A 2020 Census form. Courtesy California Secretary of State

A wannabe imperial presidency has been checked and balanced by the original framers of the Constitution and the victors of the Civil War—the Radical Republicans—with five carefully selected words used in 1787 and referenced again in 1865.

Those five words — “whole number of free persons” — instruct the United States how to count people in the mandated decennial count of all people in America.

Recent comments by proponents of adding the citizenship question to the 2020 Census have pointed to the Constitution’s 14th Amendment for support of the question’s constitutionality.

Section 2 of that amendment mentions “the whole number of male citizens.” But those words appear in a clause that was added to prevent disenfranchising new African American voters after the Civil War. A careful reading of the sentence makes it clear that a state’s representation in Congress was to be reduced in proportion to the number of male citizens who were disenfranchised. Representation in Congress was to be based on “counting the whole number of persons in each state.”

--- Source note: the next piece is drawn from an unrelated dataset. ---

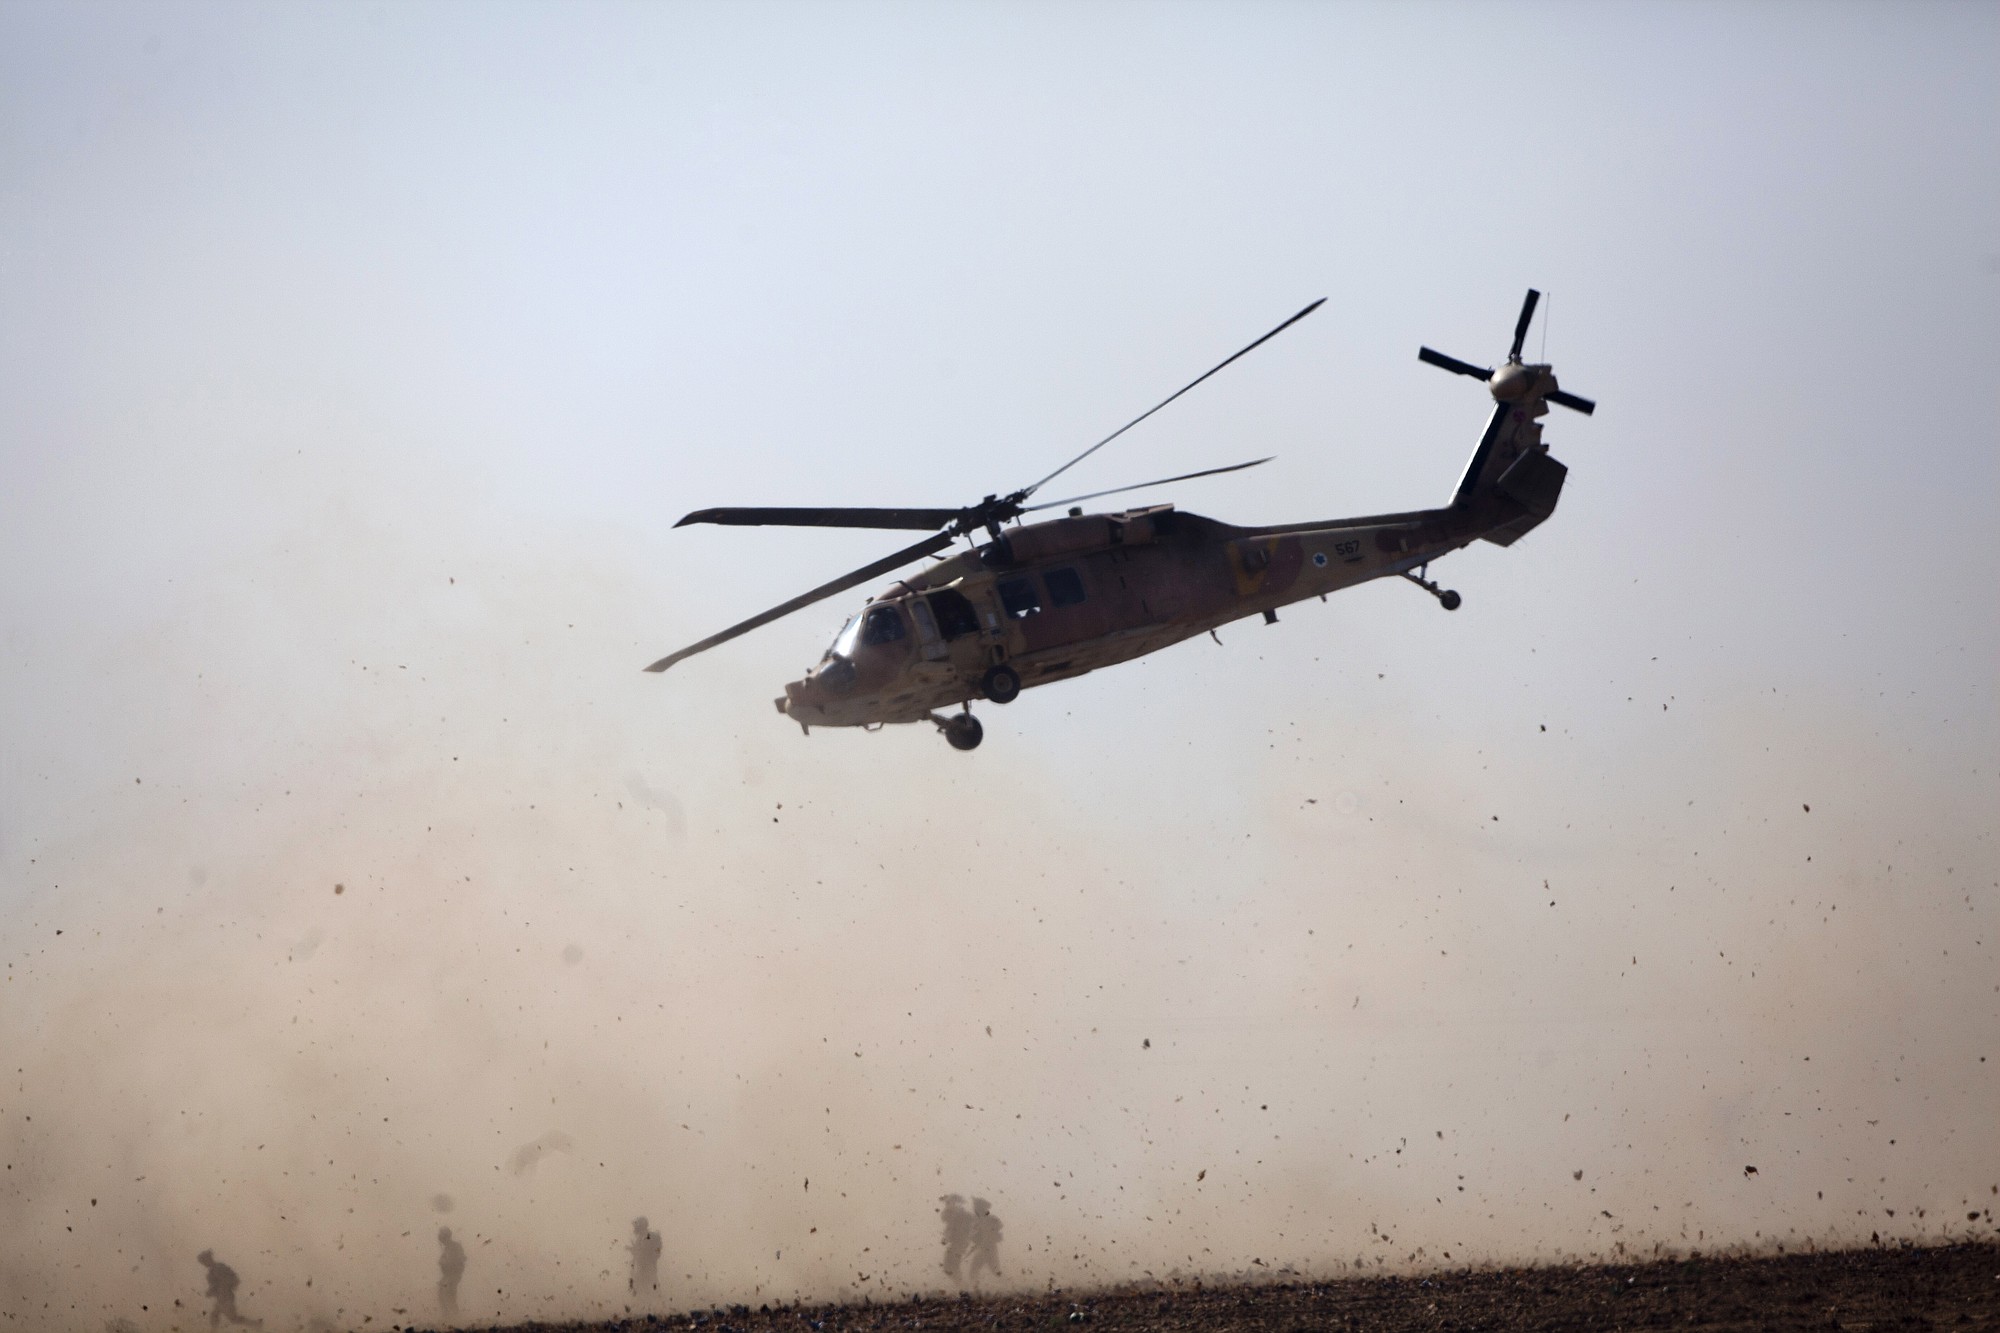 Israeli helicopter takes off with a wounded soldier near the Israel and Gaza border Thursday.

In any event, the Constitution’s original mandate of a decennial count is clear about counting all persons. Article 1, Section 2, states that the population of the United States is to “be determined by adding to the whole number of free persons, including those bound to service for a term of years, and excluding Indians not taxed, three fifths of all other persons.”

Of course, the “three fifths of all other persons” referred African slaves and their progeny. That wording was superseded by the 14th Amendment, but the original intent of counting the “whole number of persons” remains.

The issue was raised for the 2020 Census by President Trump’s anti-immigrant politics. Shouldn’t government know how many citizens and non-citizens there are? And wasn’t the question asked in many census counts through 1950?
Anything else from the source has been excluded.